- [Assignment] In the records below, the lines between the one holding "A vintage pink" and the one holding "The Weeknd Quote", inclusive, are to be transcribed exactly; no pictures are to be included.

- [Provided information]

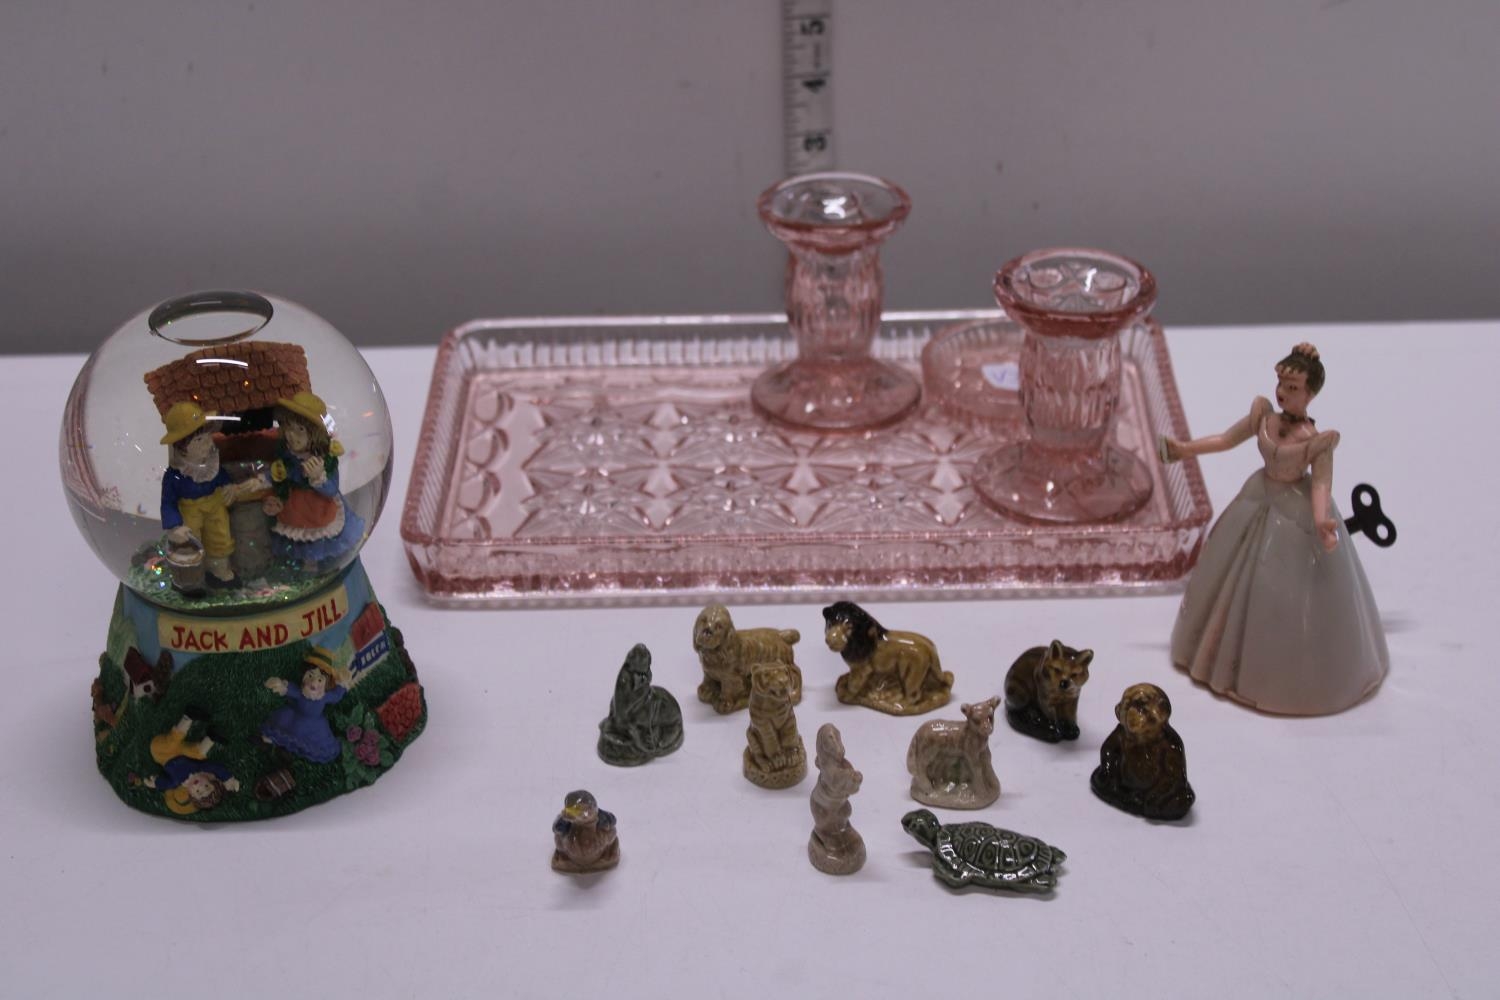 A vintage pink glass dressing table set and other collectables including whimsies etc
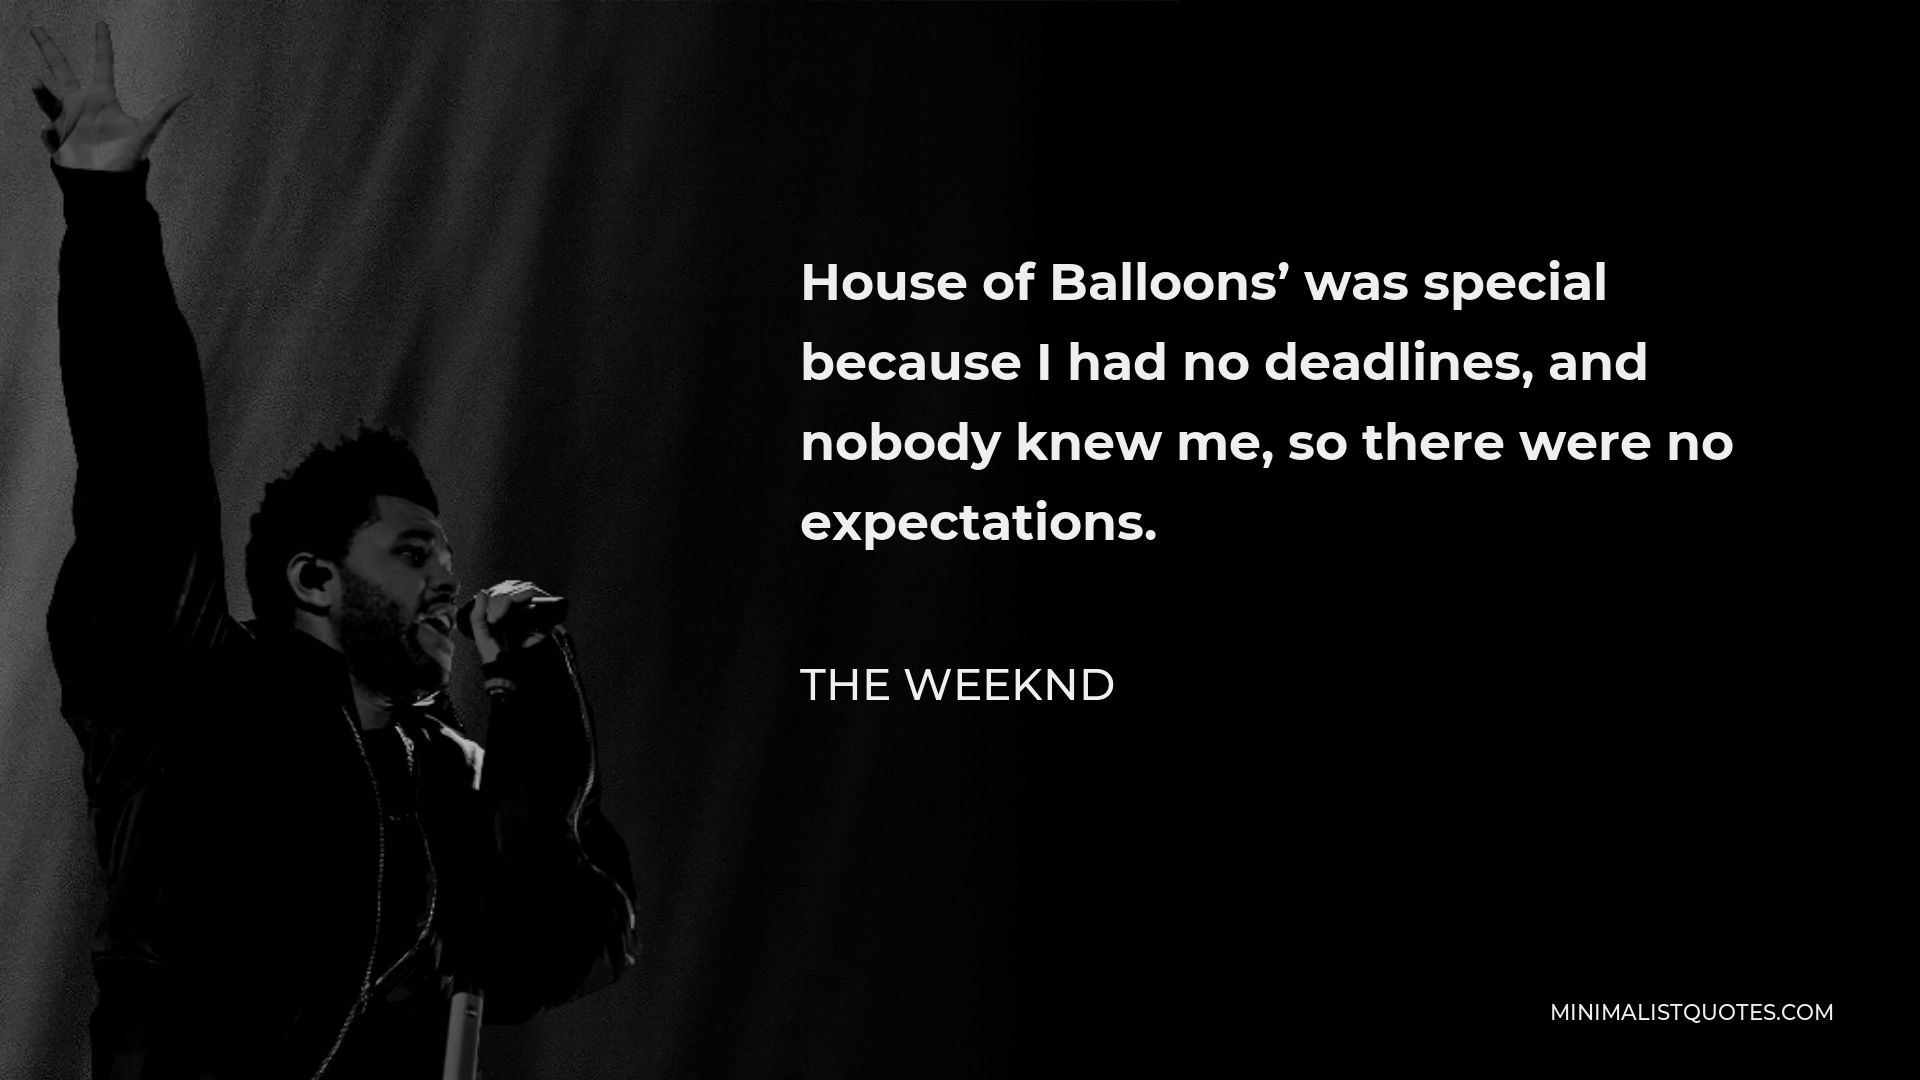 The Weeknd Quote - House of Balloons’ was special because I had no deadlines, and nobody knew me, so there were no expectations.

--

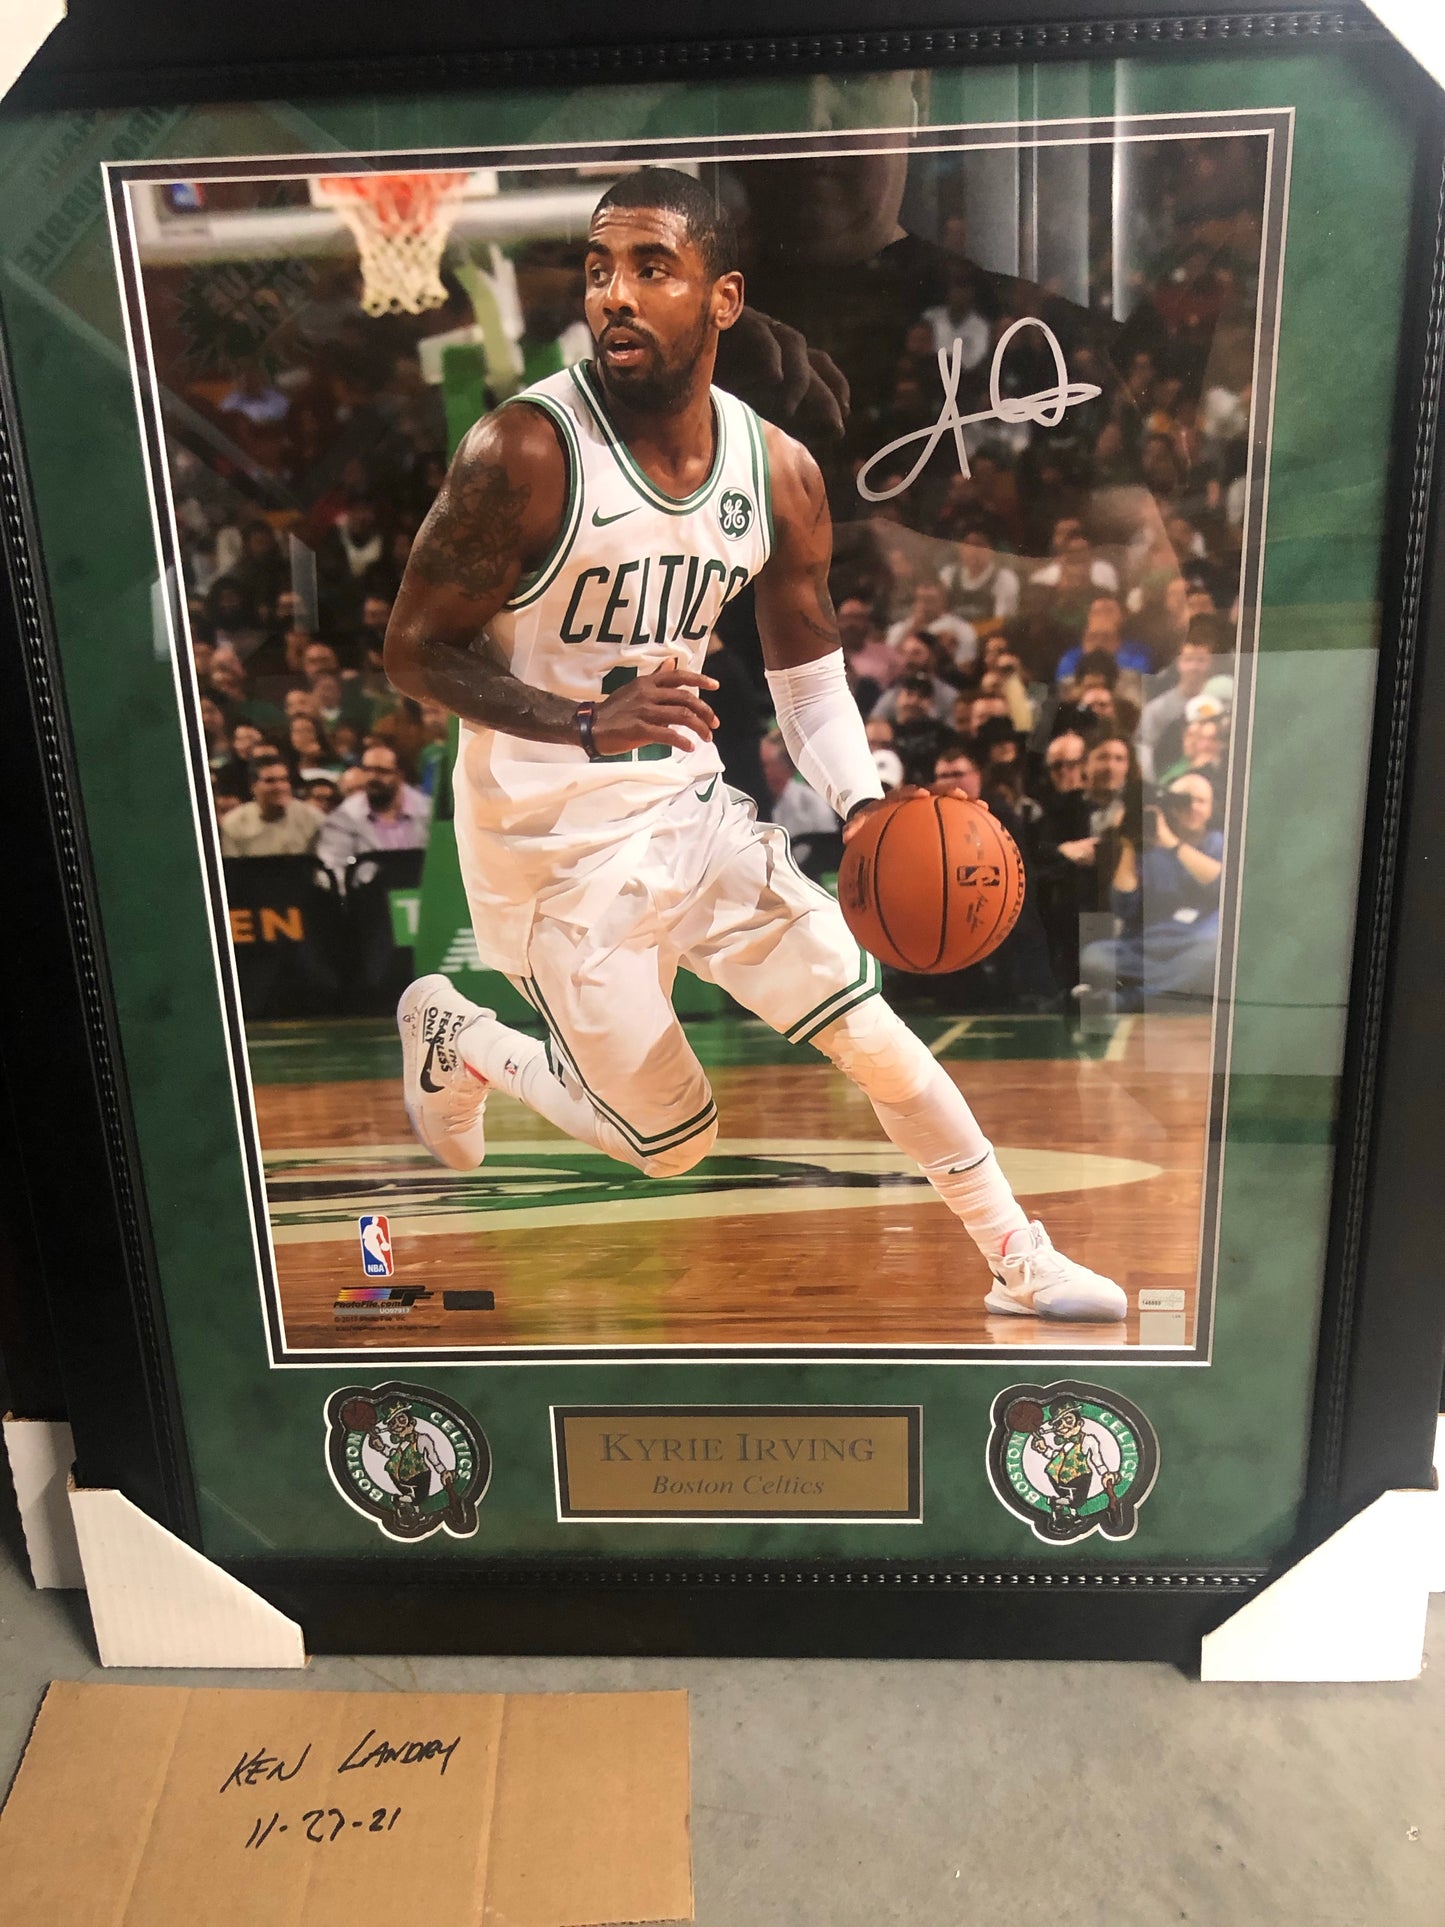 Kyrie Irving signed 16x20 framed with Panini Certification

- [Written response]
 A vintage pink glass dressing table set and other collectables including whimsies etc
 The Weeknd Quote - House of Balloons’ was special because I had no deadlines, and nobody knew me, so there were no expectations.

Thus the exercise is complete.